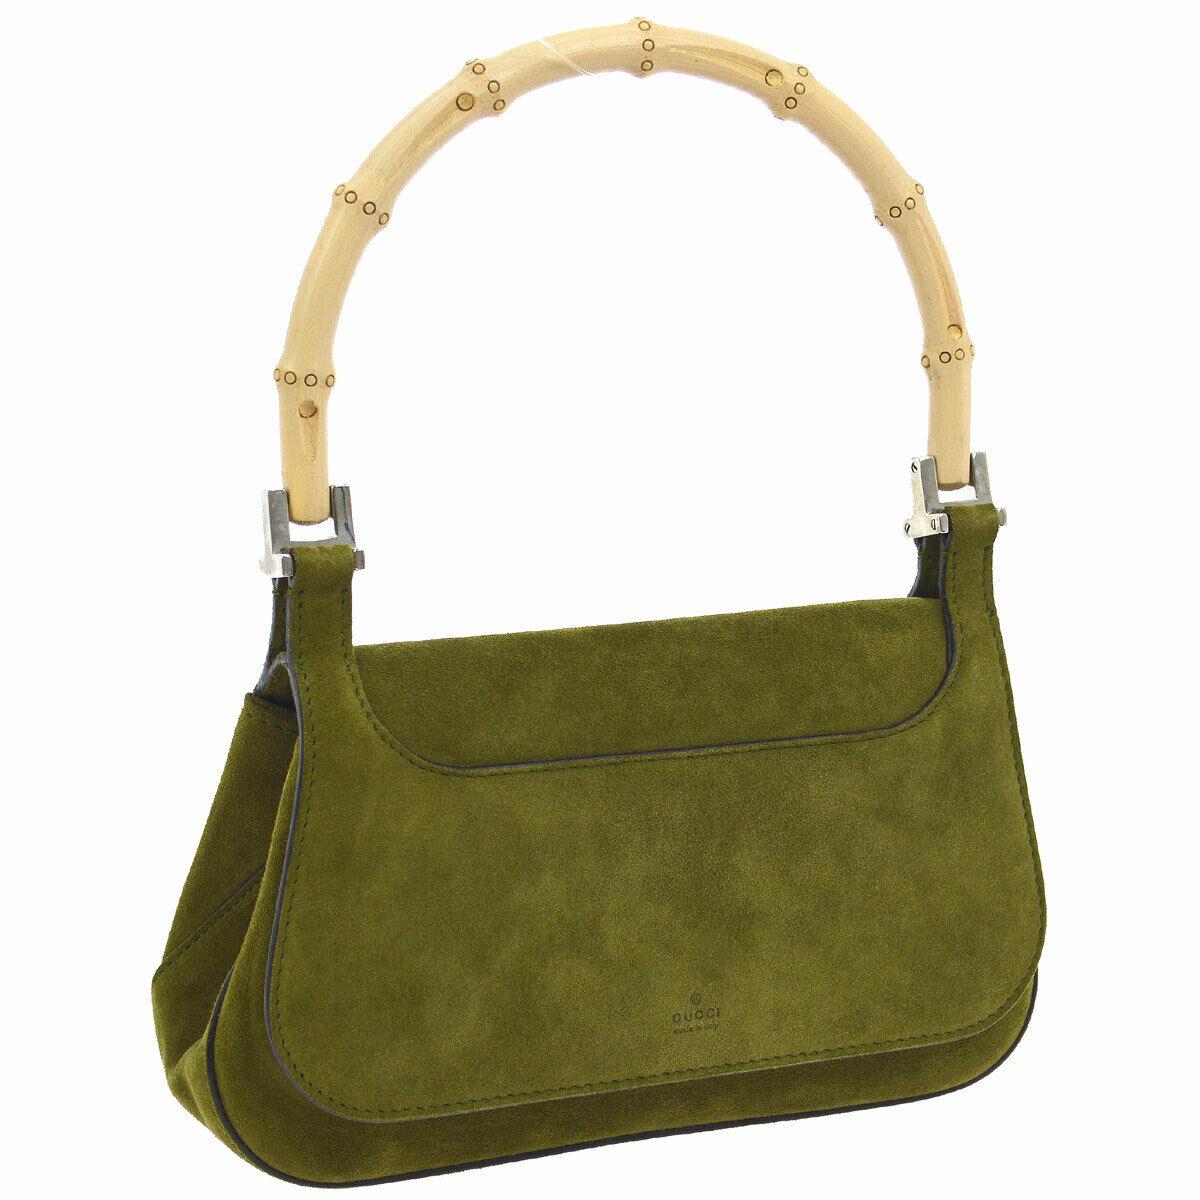 Gucci Green Suede Bamboo Top Handle Small Party Evening Satchel Bag

Suede
Bamboo
Silver tone hardware
Woven lining
Made in Italy
Handle drop 5
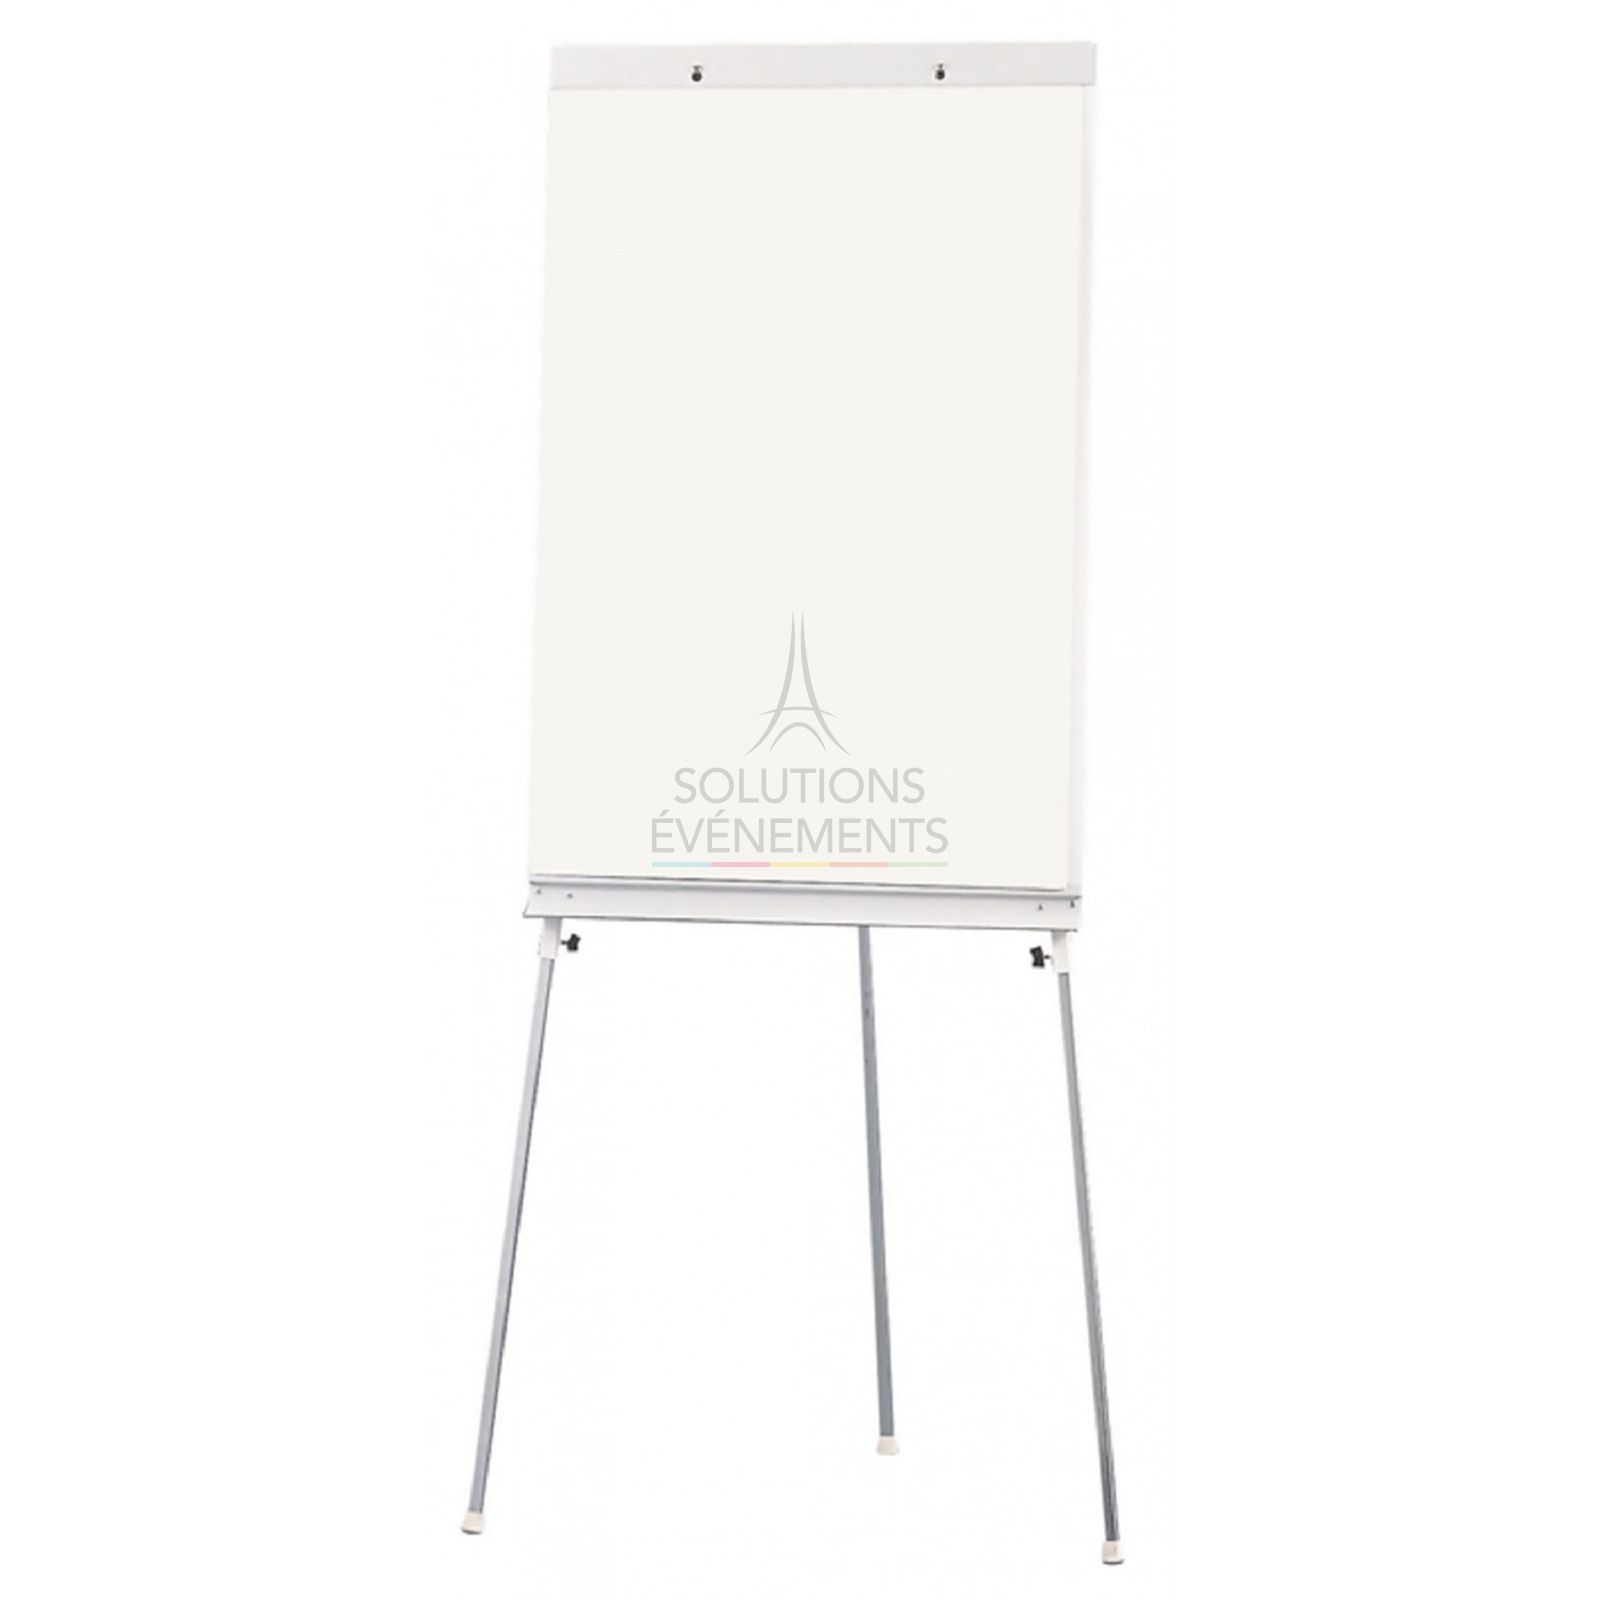 Flipchart and conference easel rental

# Task to carry out
Restate word for word the lines from the line with "Woven lining" to the last line of the records above, inclusive, and omit every picture.

# Output
Woven lining
Made in Italy
Handle drop 5
 Flipchart and conference easel rental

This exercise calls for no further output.